I got a problem with my SAMP. It was working fine with my terrible USB network and then when i inserted the network Cable which i got from the company, it asked the authorization username and password. If i type the username and the password i can enter the website or use the network or else i will get an error message " you can use this Network Facility". So when i went in SAMP Everything is 0/0 and all servers are down i tried Proxy things. I noticed that they added Proxy address and port for the authorization username and password dialog box to appear.

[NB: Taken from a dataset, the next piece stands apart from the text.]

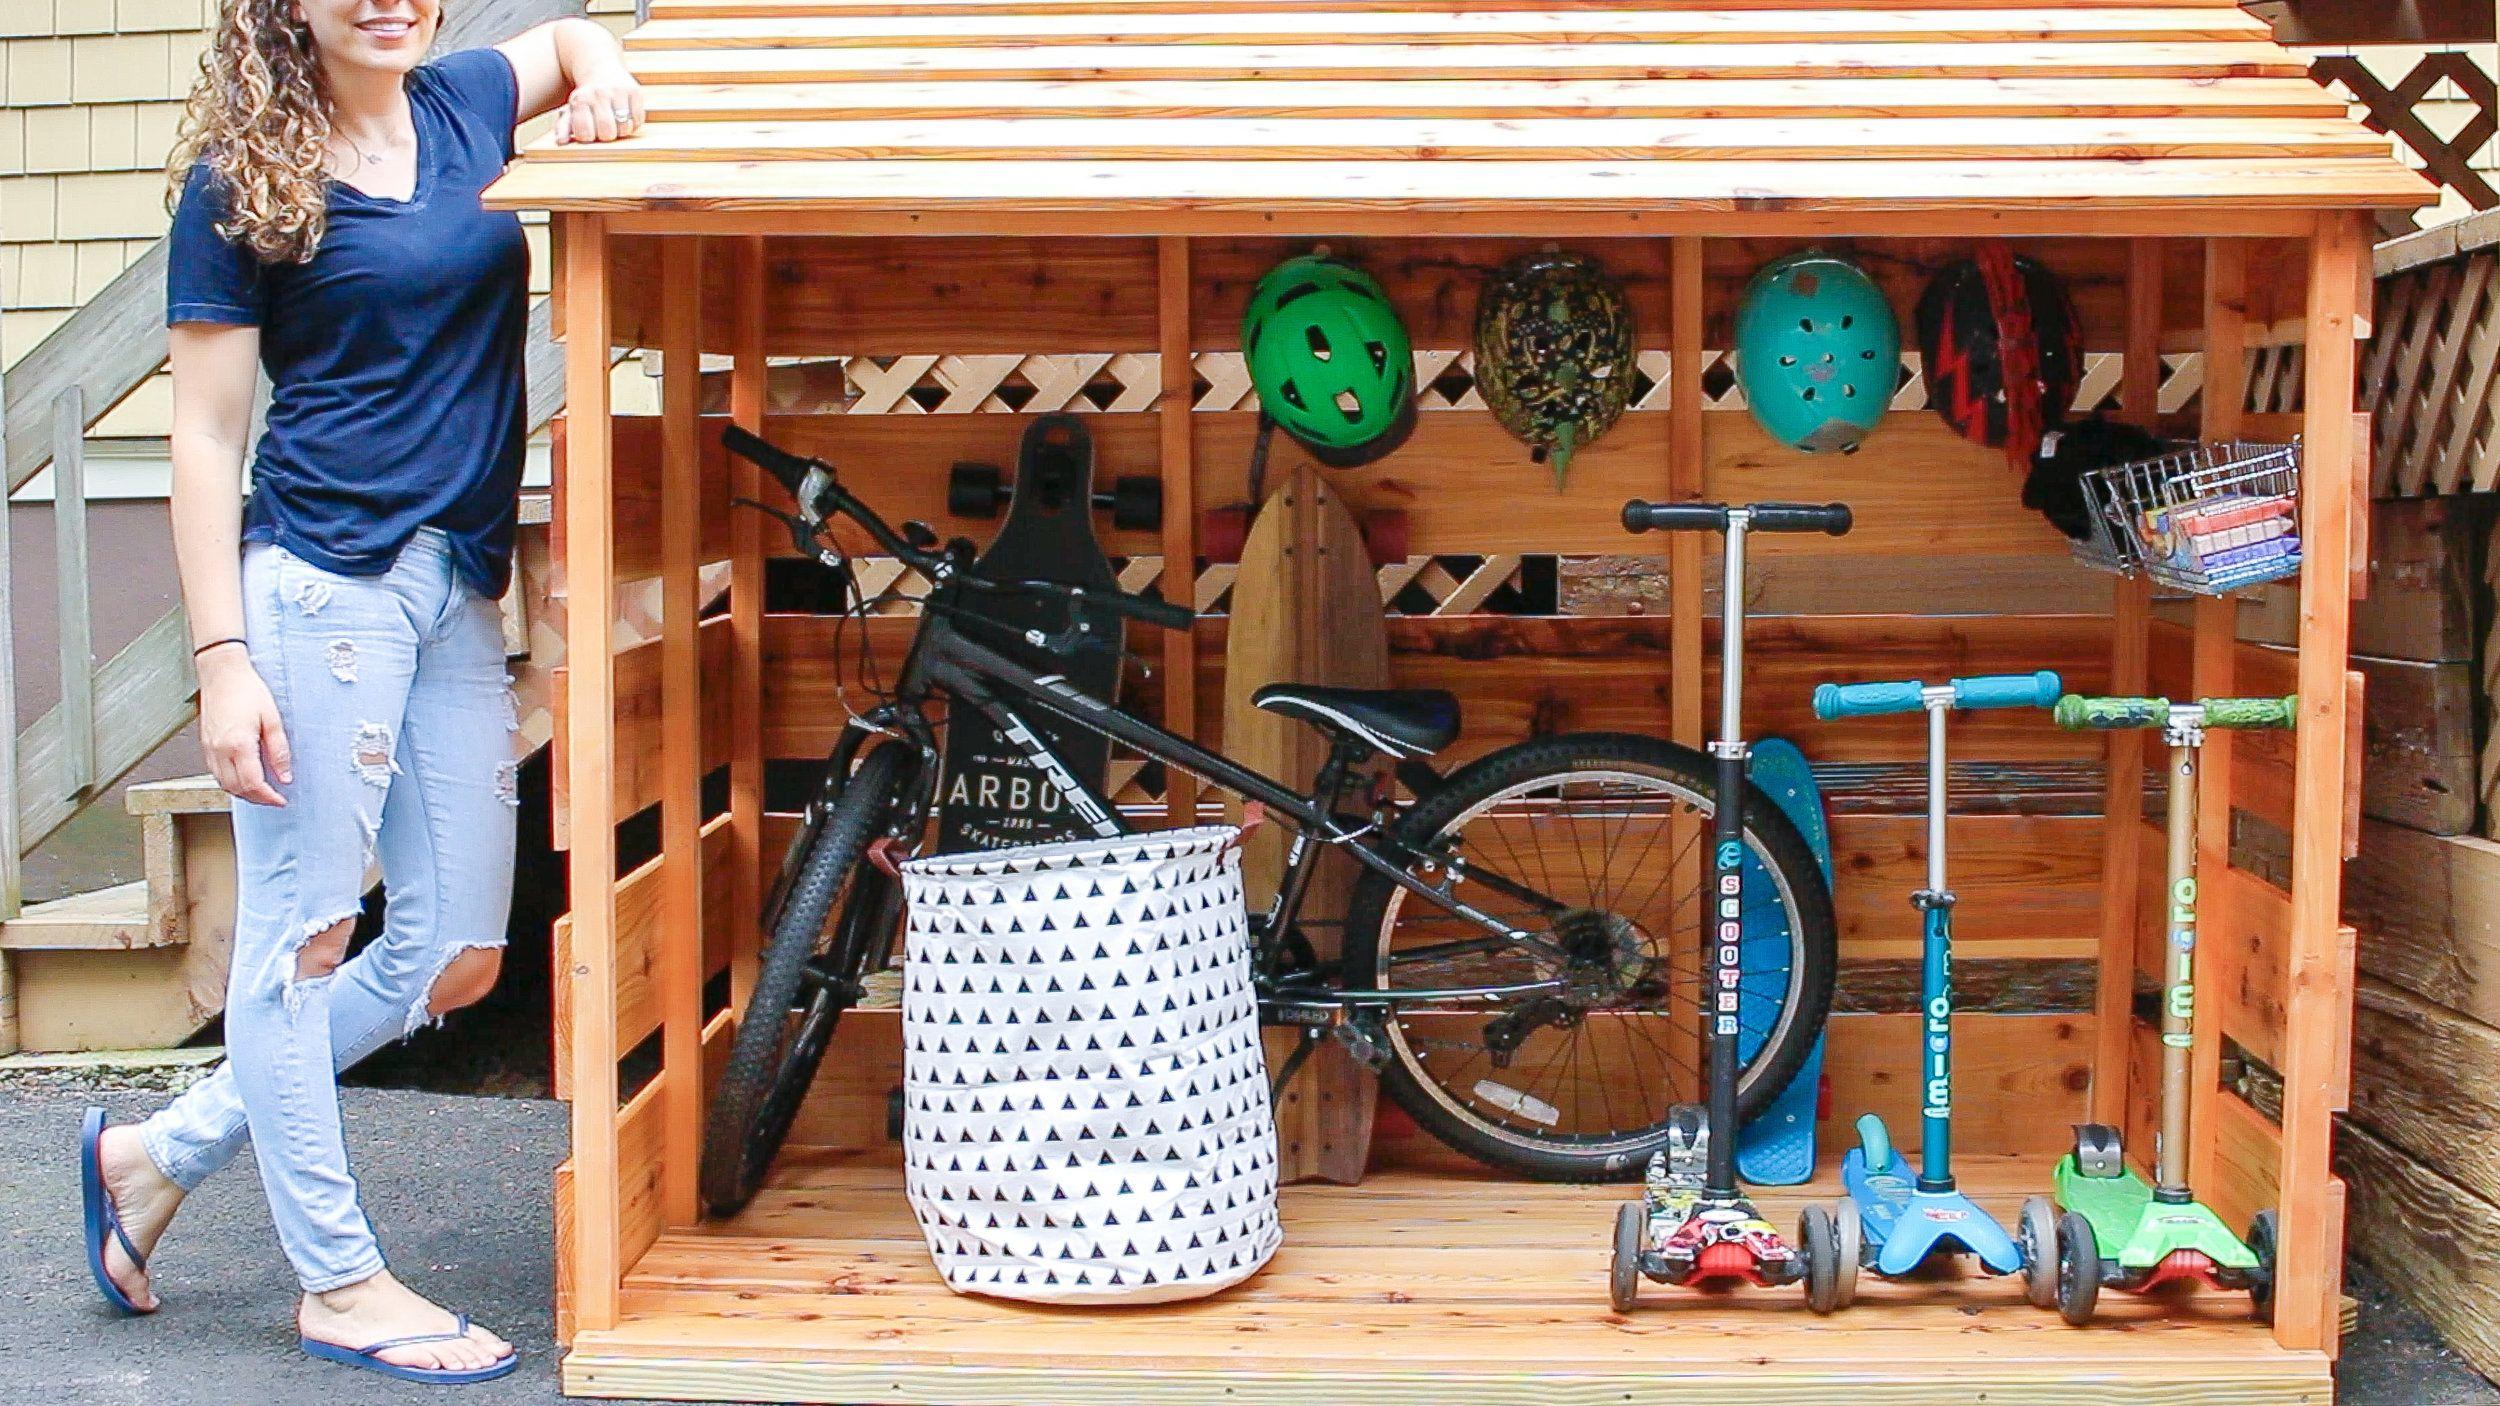 Diy Bike Storage Shed Outdoor Bike Storage Outdoor Toy Storage Bike Storage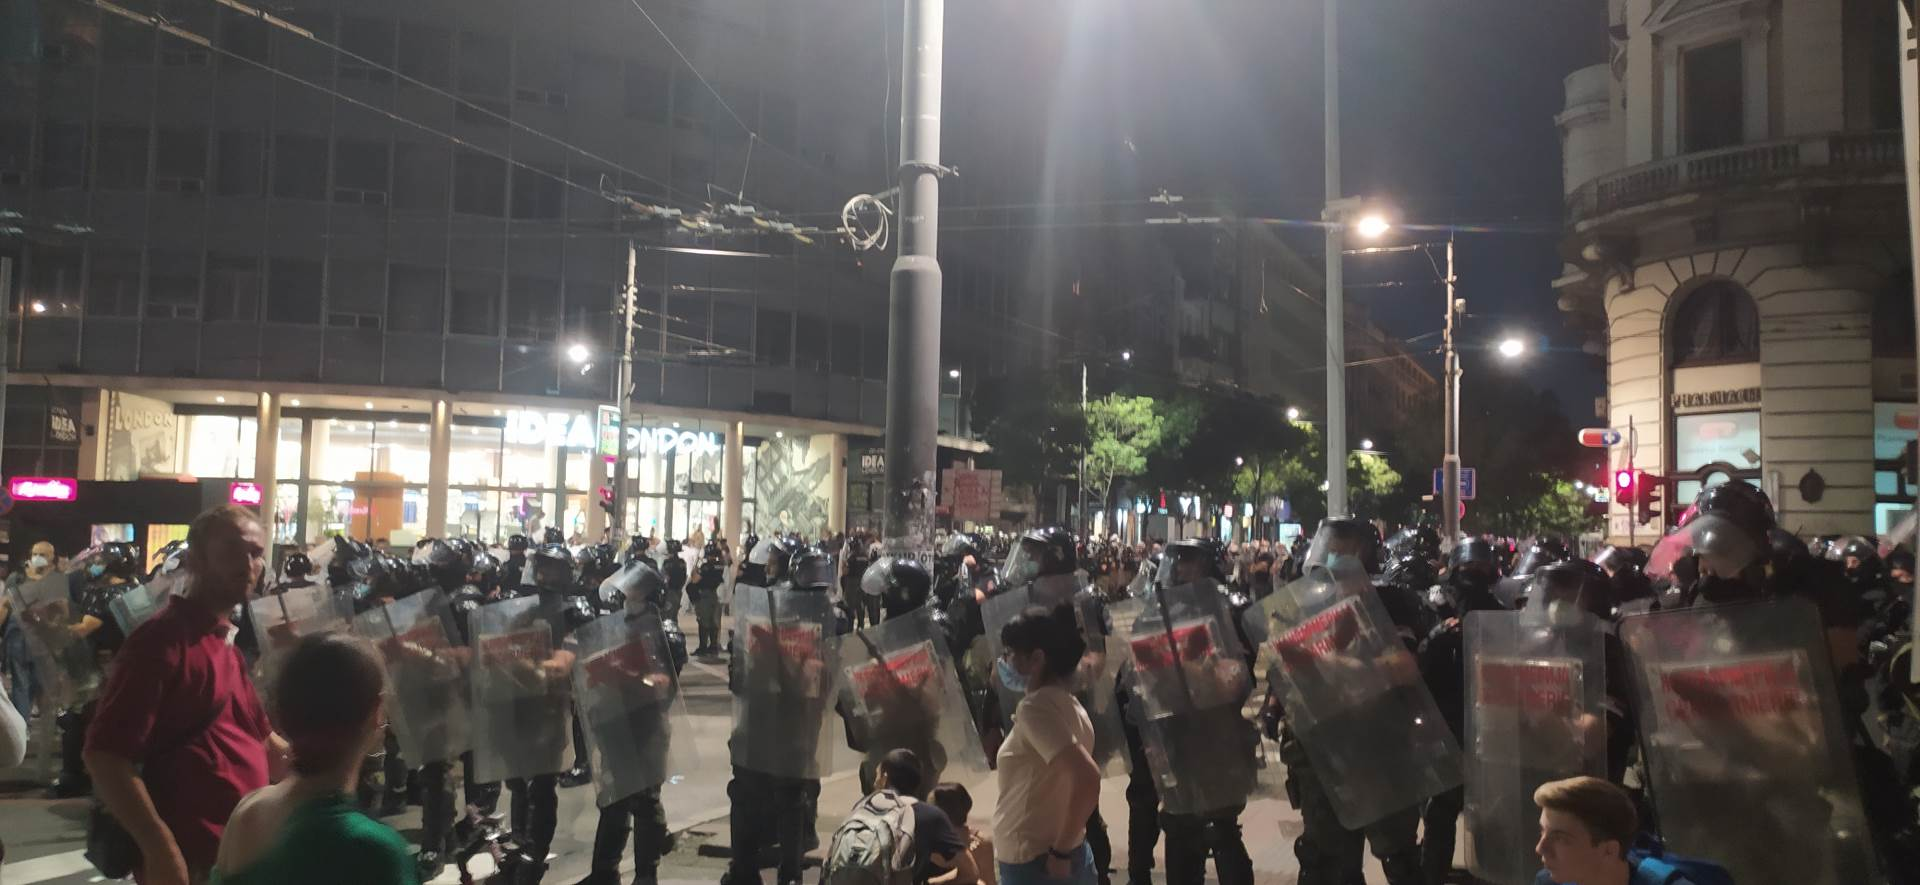 kordon lonon policija protest

So i did the same in Mozilla firefox it worked but i donno how to add Proxy in SAMP :4-dontkno So i came up and saw this Forum got answers for almost anything so i asked and see if i can get a answer for this problem.


----------



## bwolfje (Jul 26, 2010)

1. Download Widecap and install. http://widecap.ru/en/download/
2. Under view programs add SA:MP and GTA_SA.exe
3. Under Rules make a new rule and name it whatever you like. 
4. Under "Proxy chain to be used" In the make a new rule screen select "Unused"
5. Now go to the "Addresses" tab in the make a new rule screen Click ADD and then OK. Click OK again to create the rule.
6. Under the View Programs Tab in Widecap right click each of the applications and chose modify.
7. Under rule to be used select the new rule you just made and click OK.
8. Now grab a large list of SOCKS5 Proxies. I use http://forum.my-proxy.com
9. In Widecap Click on Proxy List.
10. Right click in the white area and select import list from.
11. Paste the proxy list in the large area at the bottom of this screen and click OK.
12. Highlight all of the proxies, right click, and select Check Selected.
13. Remove all proxies that failed or had a ping over about 500.
Now for the time consuming part.
14. Check the box next to first proxy and make sure no other boxes are checked, then click apply
15. Run SA:MP
16. If you get pings of 9999 close SA:MP, delete that proxy, check the next one, click apply again, and run SA:MP again.
Keep repeating this till you find a proxy that shows a ping of less than 9999 in SA:MP and enjoy.
Note: If you only add the SA:MP application to WideCap your IP will still be visible to the server once you launch the game. Be sure to add BOTH SA:MP and GTA_SA.exe to the program list.


----------



## SanoDK (Oct 1, 2010)

I tried the Technique but my SAMP just crashed when on enter i tried in administrator mode also but it crashed on enter just not respounding.

The alternate address is 200.1.3.5 and port 3128 and user name and pass is personal.


----------



## -WOLF- (Jan 17, 2009)

*Hello and welcome to TSF*

You should contact your network administrator and ask if they allow inbound and outbound simultaneous connections, typically if the network doesn't allow it, it's for a reason. This might require circumventing the network which we will not assist in.
Make sure to forward the TCP and UDP ports _7777_


----------



## RaginWithSwagg (Apr 6, 2013)

Even though the Proxy is working fine it still says im banned from the server even if i type a random username in, so somehow samp is still getting my ip and not the proxies! and i did everything you said to do


----------



## Wrench97 (May 10, 2008)

IF you are banned from the server that is not something we are going to provide help with, contact the server admin and see what you need to do to get unbanned.

Thread closed.


----------